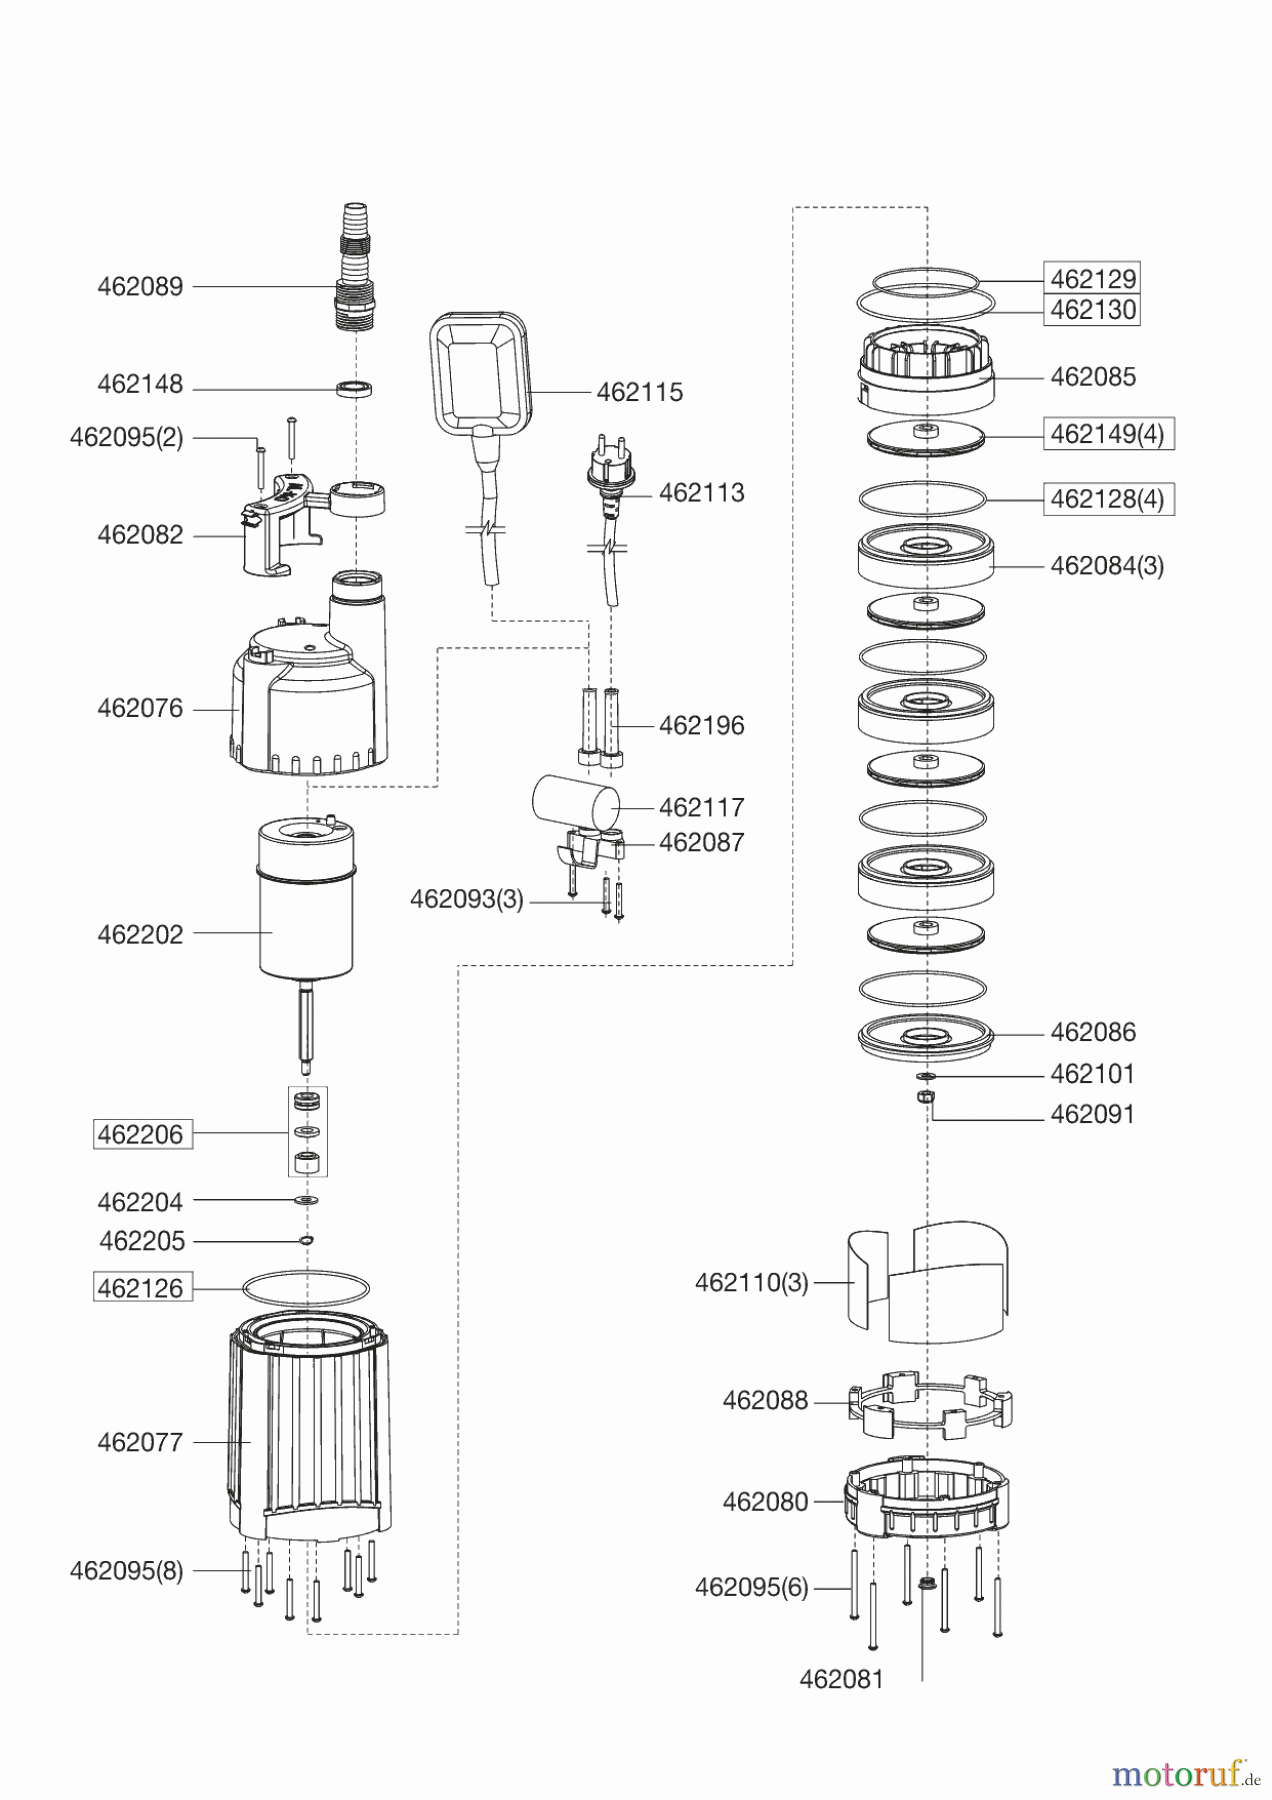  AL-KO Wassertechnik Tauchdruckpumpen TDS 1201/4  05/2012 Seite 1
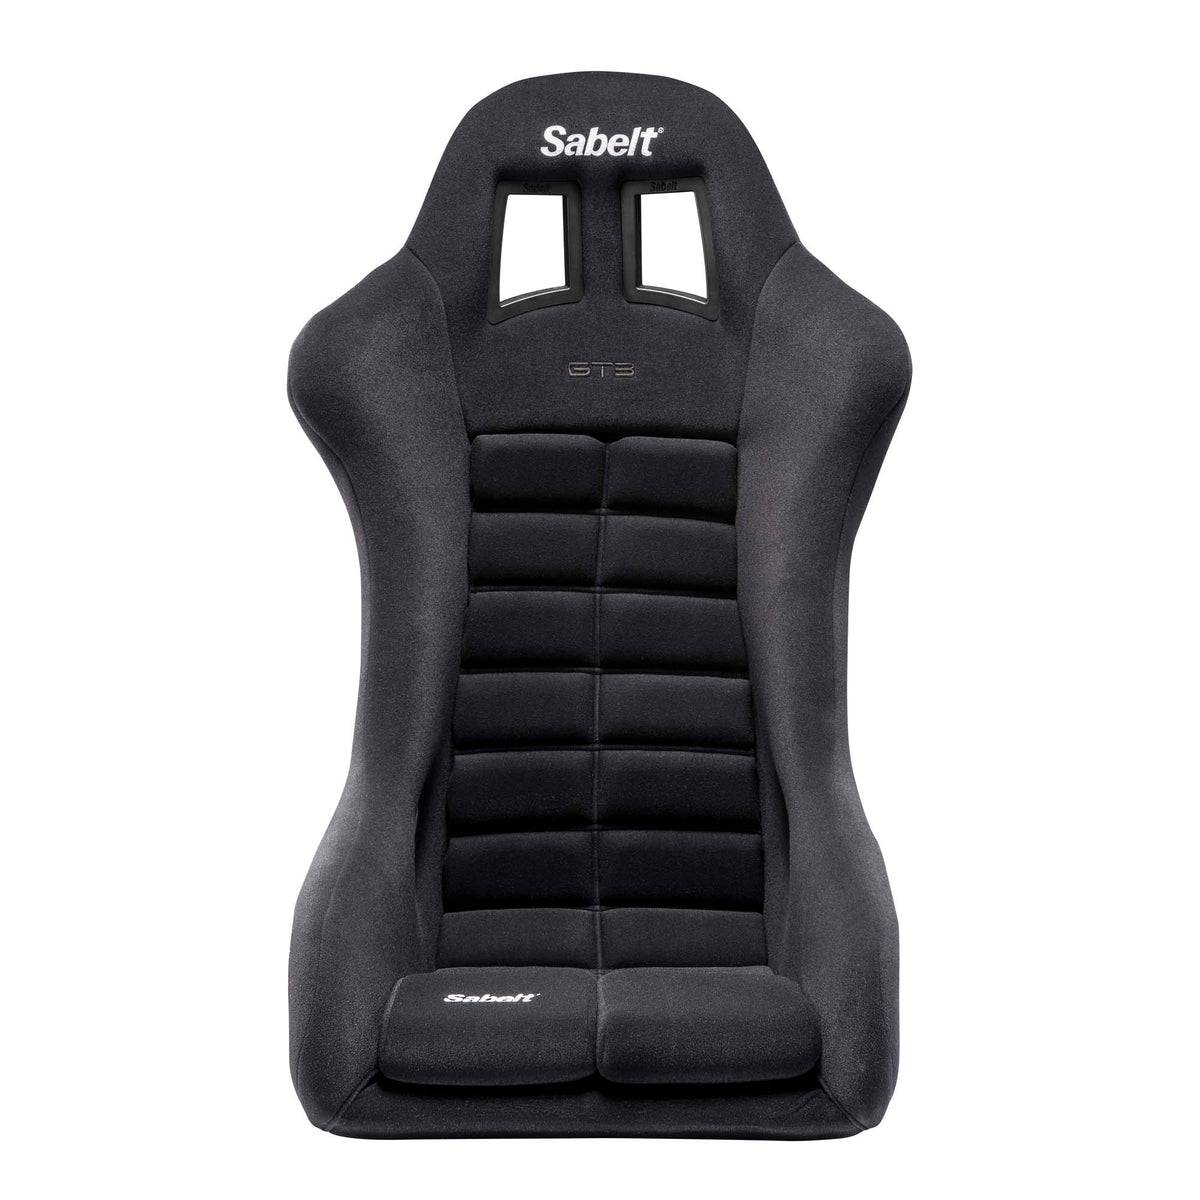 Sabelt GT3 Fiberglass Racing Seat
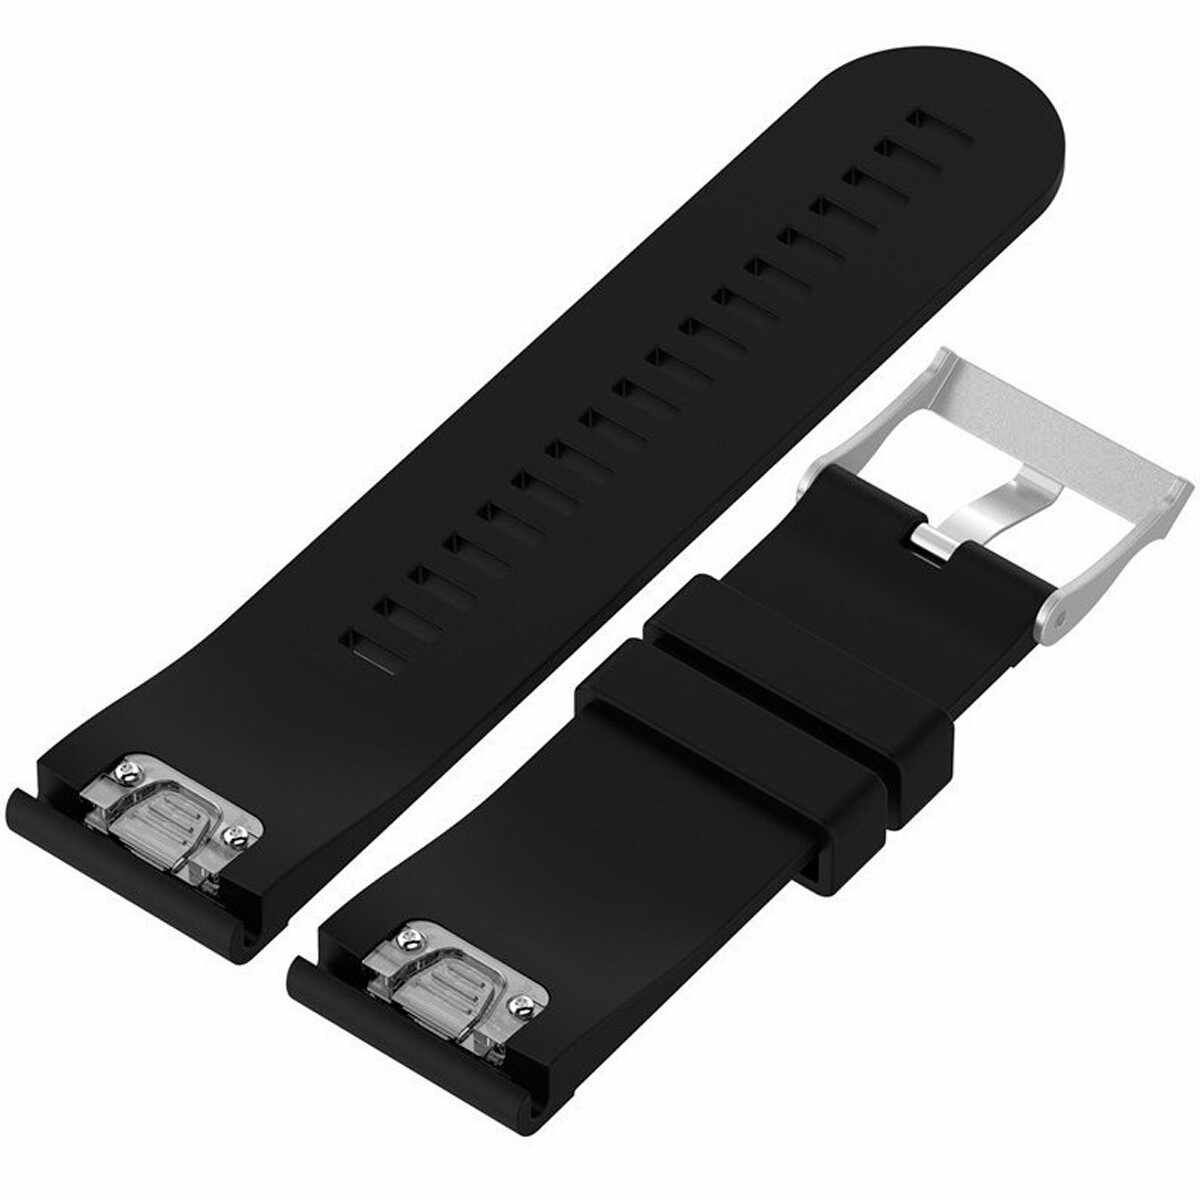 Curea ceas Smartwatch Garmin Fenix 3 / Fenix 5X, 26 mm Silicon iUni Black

**What is being asked:** Copy the listing exactly. No images belong in the copy.

**Your response:**
  AL-KO Wassertechnik Tauchdruckpumpen TDS 1201/4  05/2012 Seite 1
 Sabelt GT3 Fiberglass Racing Seat
 Curea ceas Smartwatch Garmin Fenix 3 / Fenix 5X, 26 mm Silicon iUni Black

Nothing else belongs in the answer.